To improve your investing success use a ‘safety switch’
Fsp Invest, 26 Sep. 2013
Anyone can buy a share. The real art of investing is knowing when to sell. You could rely on point-and-figure charts or tarot cards or Elliott Waves. But instead you could adhere to a time-tested trailing stop strategy. That means you don’t buy a share without knowing in advance exactly where you’ll get out. Read on to find out how to improve your investing success using a ‘safety switch’…
By using a trailing stop strategy, you take the guesswork out of investing, the team of experts at Investment U explain…
A trailing stop strategy protects both your profits and your principal.
Let your winners ride
Start all of your trading positions with a sell stop 25% below your execution price. As the share rises, you raise the trailing stop.
In other words, if you buy a stock at R20, your stop loss is at R15. When the share hits R32, your stop loss (still trailing at 25%) will be at R24.
As long as the share keeps trending up, you’re happy to hang on. If the share pulls back 25% from its closing high, you sell. No questions asked.
And cut your losses early
You protect the profits you’ve earned on the way up and also protect your principal when things go awry.

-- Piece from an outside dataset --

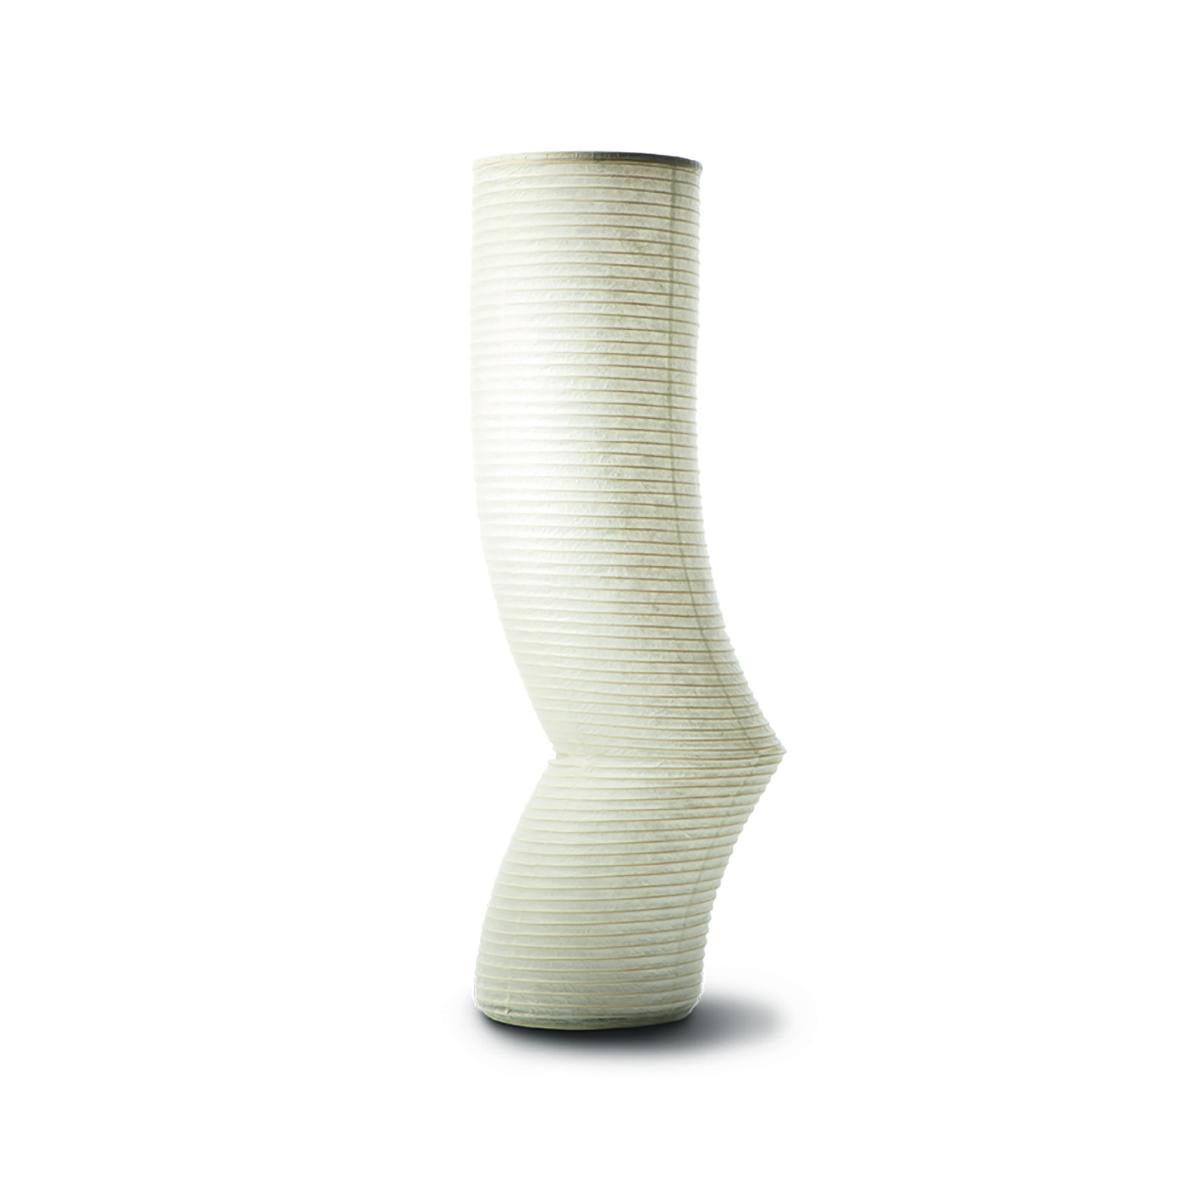 癒しの揺らぐ提灯式ランプ|STANDARD - リラックス空間を作る「提灯式」ランプ| 梅

Everyone knows you should cut your losses early and let your profits run. But very few investors actually do it. But a ‘safety switch’ guarantees that you do.
During the bull market of the 1990s, many investors watched as their share portfolios grew bigger and bigger.
There was only one problem. They never took any profits. They had no sell discipline whatsoever.
So when shares started tanking, they watched many of those profits evaporate entirely. Some even turned into losses.
Other investors then bought shares early in the ensuing bear market with high expectations. And it devastated investors to see those shares drop to levels they never would have imagined.
In both cases, the fault was the same: They failed to have a sell discipline.
Investors without one are flying by the seat of their pants. And that rarely ends in award-winning results. It’s simply not a practical means to build wealth.
Bottom line: Use a trailing stop on all your individual stocks and have the gumption to stick with it.